→ **PROBLEM STATEMENT**:
Below is a listing; print exactly its lines from the one containing "Las Herramientas para" down to the one containing "Fender TEN 2", both inclusive, with every picture left out.

→ **DATA EXTRACT**:
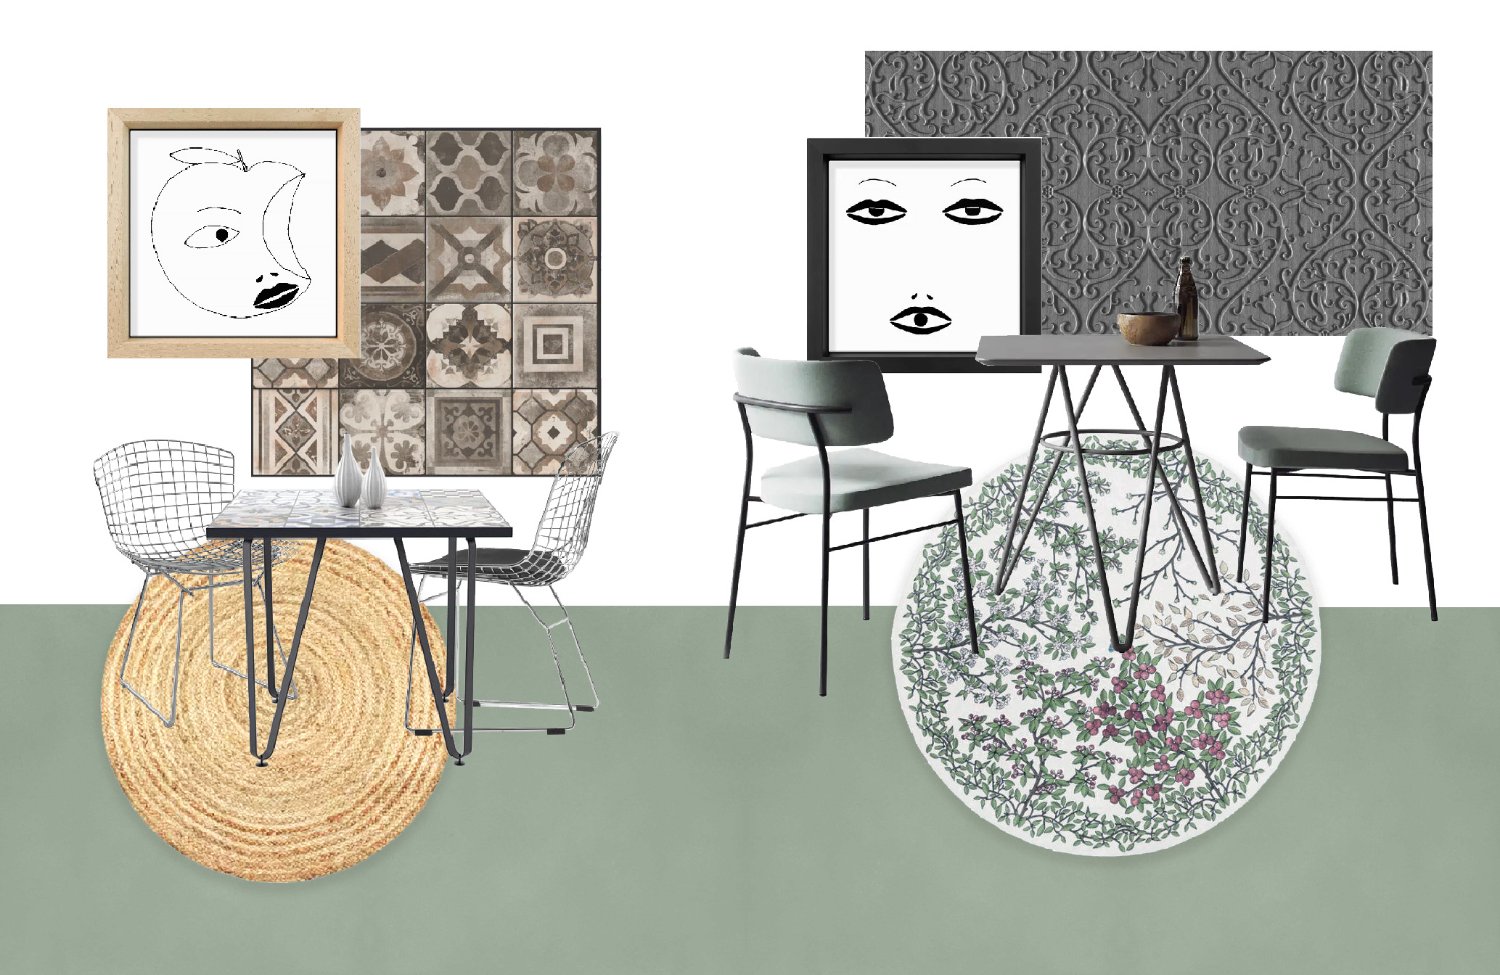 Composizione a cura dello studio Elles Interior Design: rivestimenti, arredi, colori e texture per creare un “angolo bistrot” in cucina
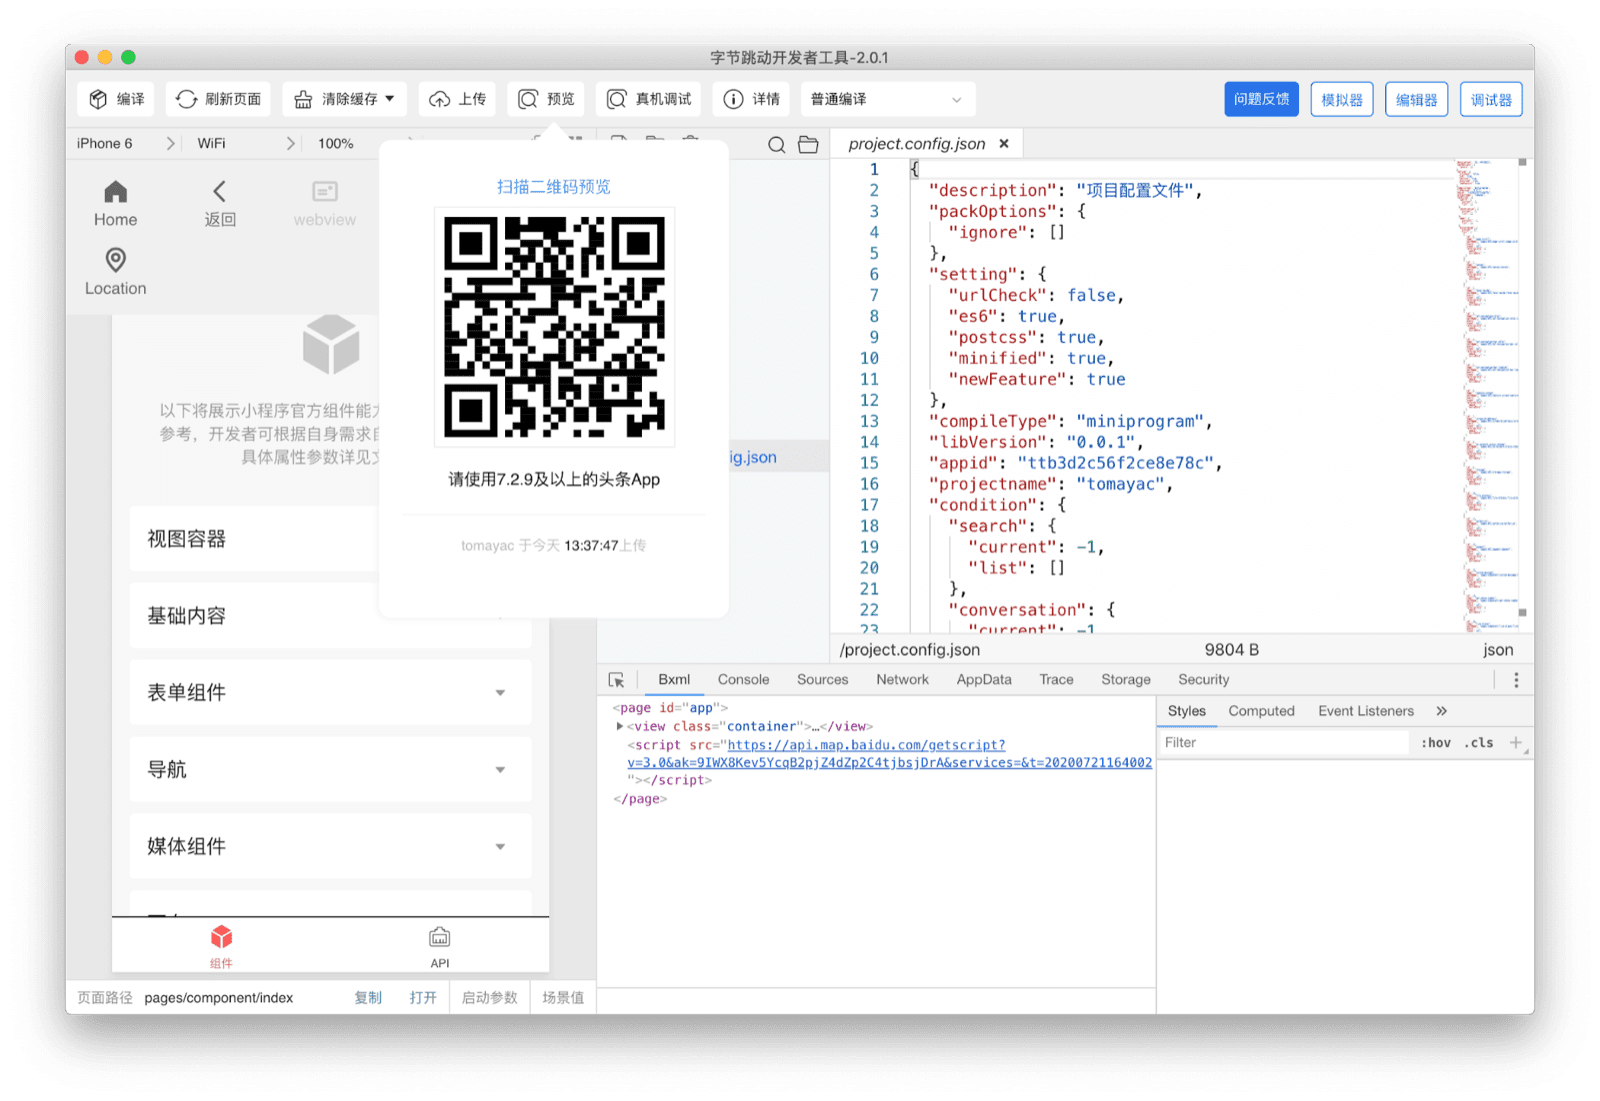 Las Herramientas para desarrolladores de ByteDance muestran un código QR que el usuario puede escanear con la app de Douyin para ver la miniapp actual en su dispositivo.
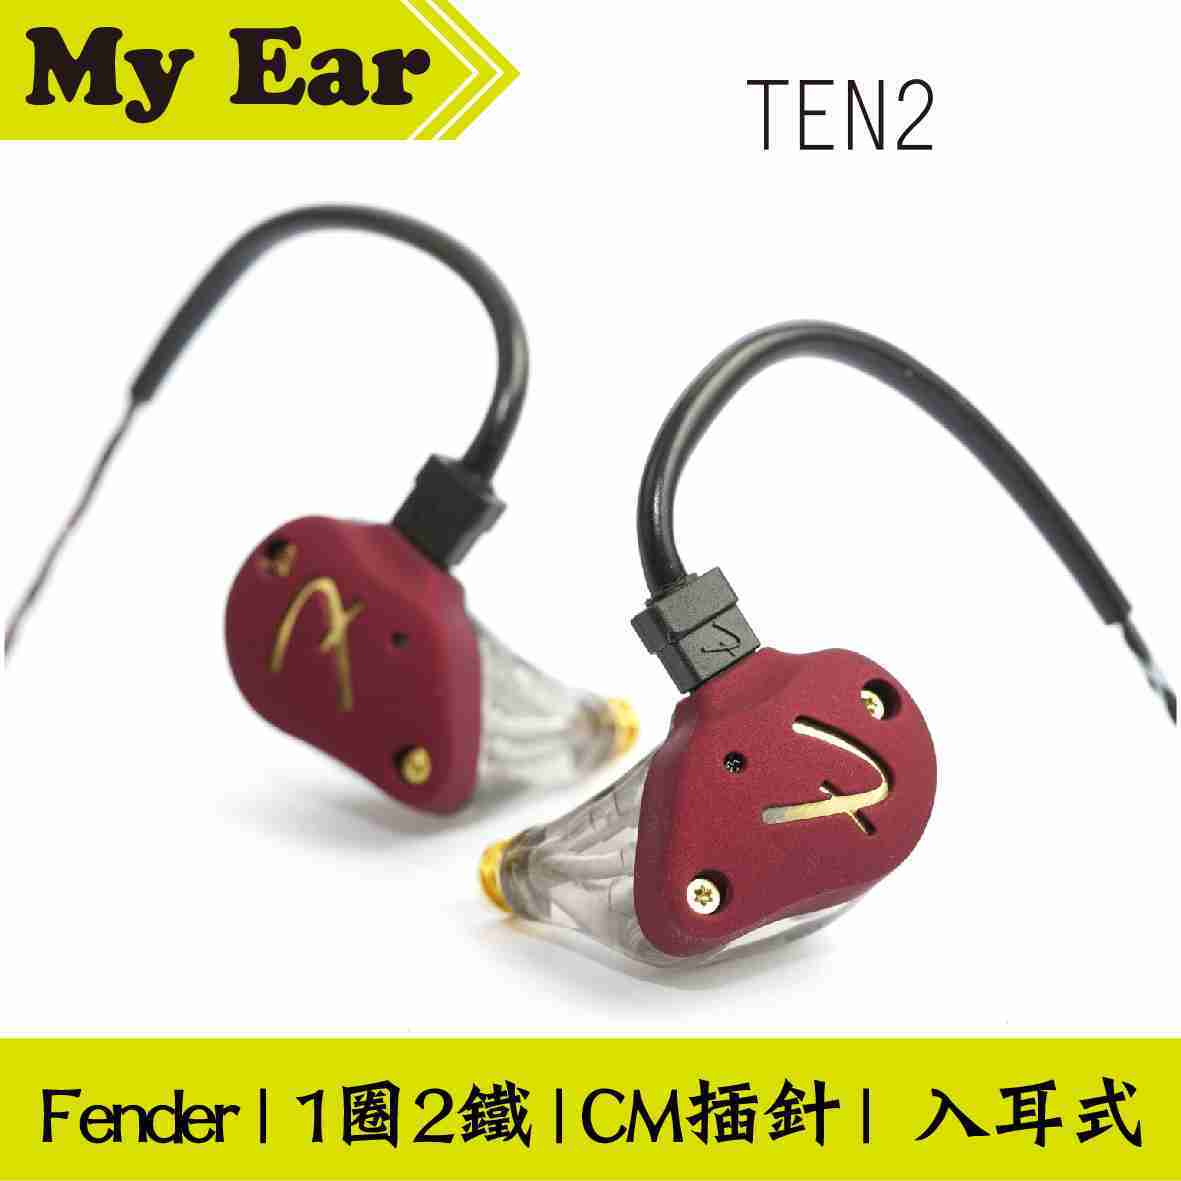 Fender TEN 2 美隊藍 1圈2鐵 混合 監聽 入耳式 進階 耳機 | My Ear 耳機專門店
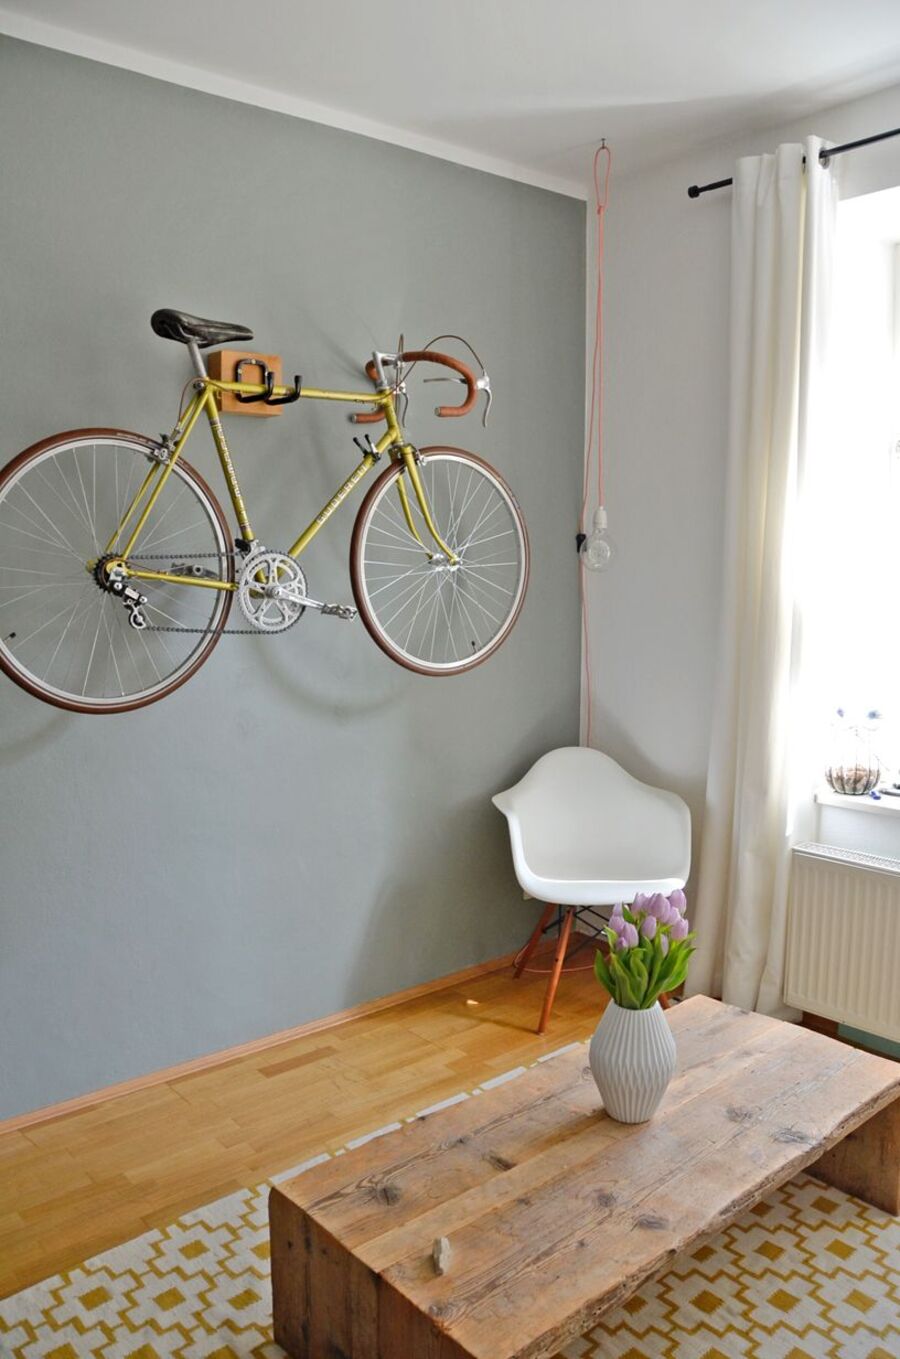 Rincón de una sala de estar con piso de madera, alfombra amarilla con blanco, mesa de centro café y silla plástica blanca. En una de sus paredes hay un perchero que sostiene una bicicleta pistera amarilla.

→ **RESPONSE TO THIS TASK**:
 Las Herramientas para desarrolladores de ByteDance muestran un código QR que el usuario puede escanear con la app de Douyin para ver la miniapp actual en su dispositivo.
 Fender TEN 2 美隊藍 1圈2鐵 混合 監聽 入耳式 進階 耳機 | My Ear 耳機專門店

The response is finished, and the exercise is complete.